Even a cursory look at SPLC's history sheds considerable light on the spirit of totalitarian intolerance that has animated the organization since its inception in 1971. Its principal founder was the attorney Morris Dees, a hardcore leftist who has long viewed the United States as an irredeemably racist nation. SPLC's first president, meanwhile, was the late civil-rights activist Julian Bond — a man who was “enchanted by the revolution” of the monstrous Fidel Castro, and who once smeared black conservatives as “black hustlers and hucksters ... [who], like ventriloquists’ dummies, speak in their puppet master’s voice.”
Inflating the Numbers on “Hate”
SPLC defines “hate groups” as those that “have beliefs or practices that attack or malign an entire class of people, typically for their immutable characteristics” — i.e., nationality, ethnicity, race, physical appearance, or sexual orientation. At this time, SPLC identifies 954 active “hate groups” in the United States.
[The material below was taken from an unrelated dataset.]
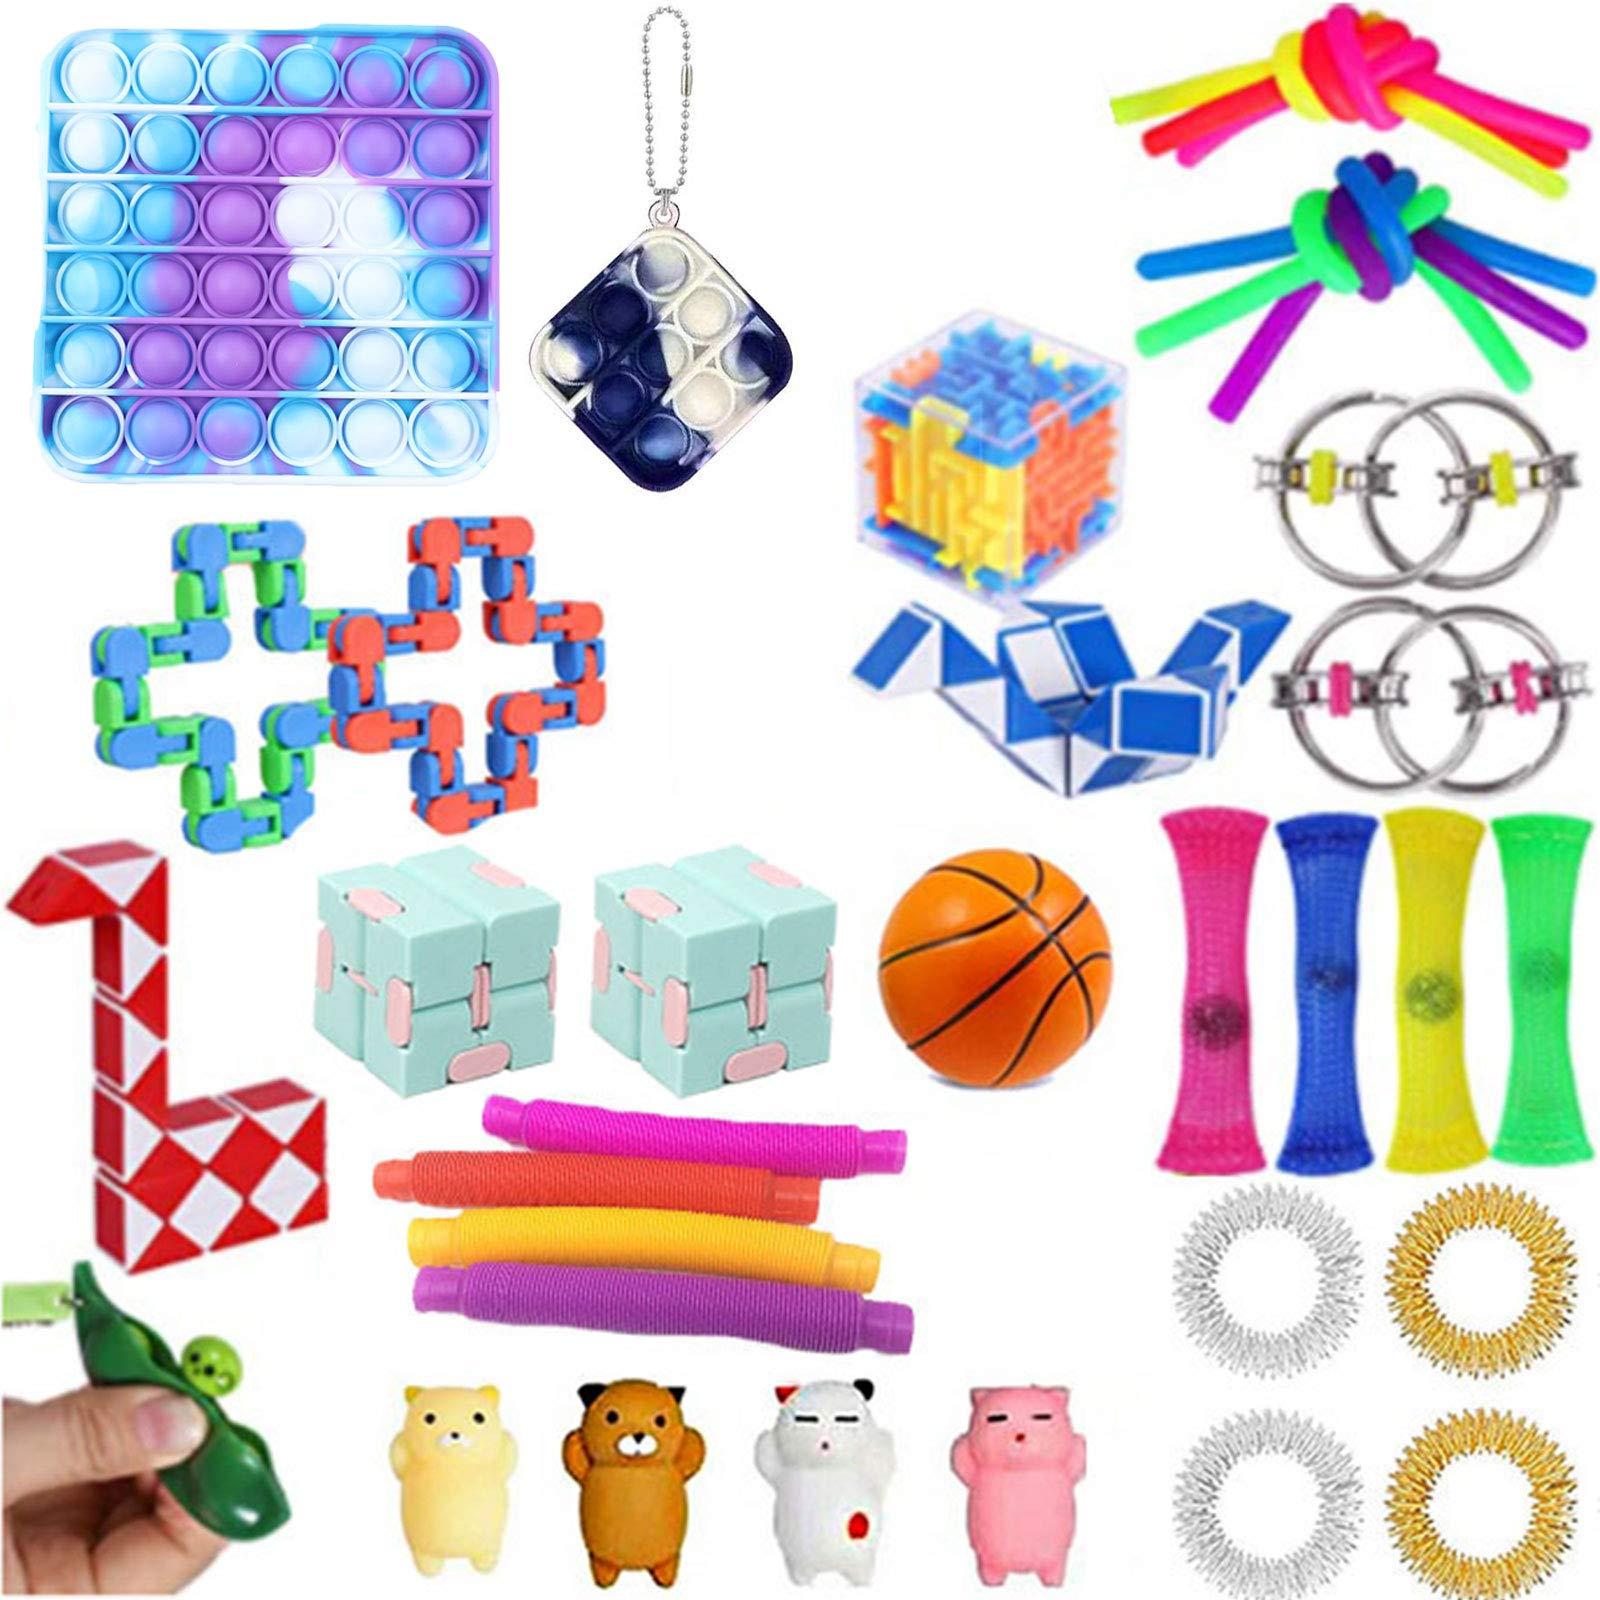 Komoo Fidget Toy 31Pcs Packs Cheap, Simple Dimple Fidget Toys Fidgets Box, Decompression Keychain Toy, Push Pop Bubble Sensory Toy for Kids and Adults (F-3)
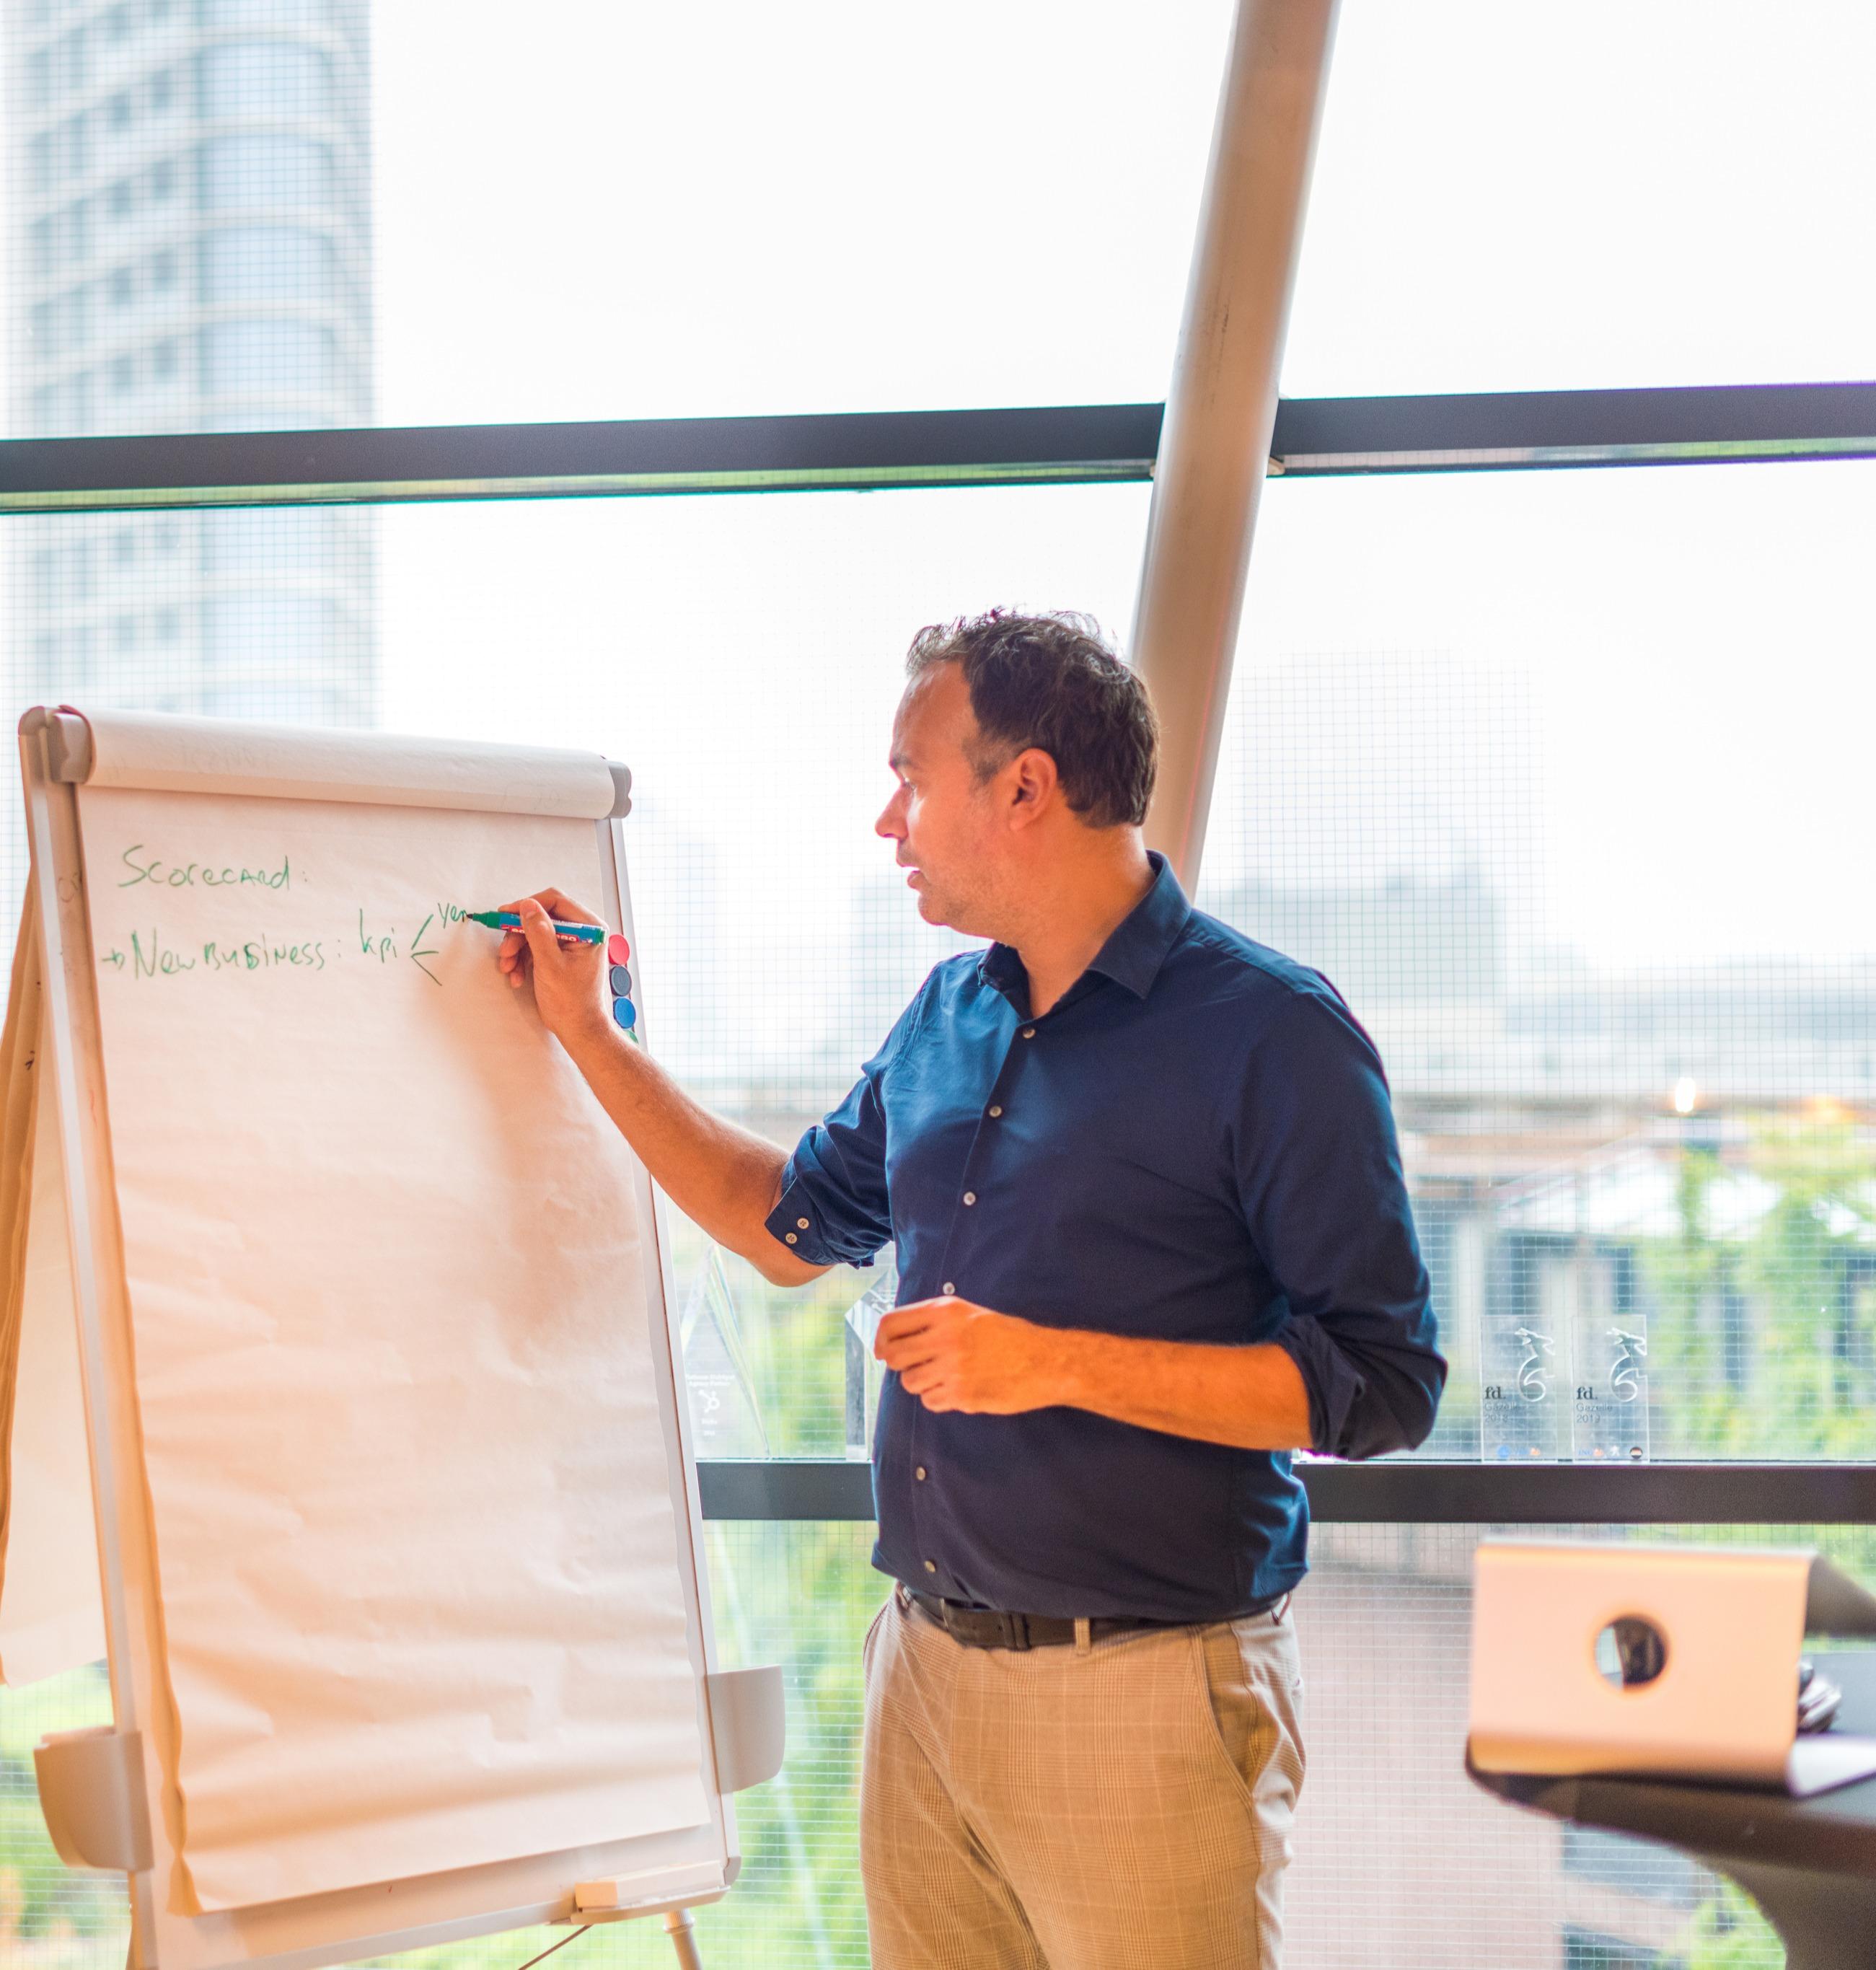 Camiel Freriks explaining a businessmodel using a whiteboard

The manner in which SPLC counts these offenders has evolved considerably over the years. In 1997, for instance, the Center's hate-group tally received a substantial boost from a newly instituted procedure which conveyed the impression that “hate” in America was rising at an unprecedented rate. That year, SPLC's “Intelligence Project” began counting all known chapters or branches of “hate” organizations as separate entities, whereas it had previously tallied them collectively as a single entity. Thus, in 1998 the Council of Conservative Citizens (and its 33 chapters) accounted for more than half of the SPLC hate-group list’s growth over the previous year. Similarly, in 2000, more than 60% of the alleged increase in the nationwide hate-group tally was due to the first-time inclusion of the League of the South and each of its 90-plus chapters. By 2009, just 4 autonomous organizations and their many branches accounted for fully 229 separate “hate groups” — approximately one-fourth of all the entries in SPLC’s catalog.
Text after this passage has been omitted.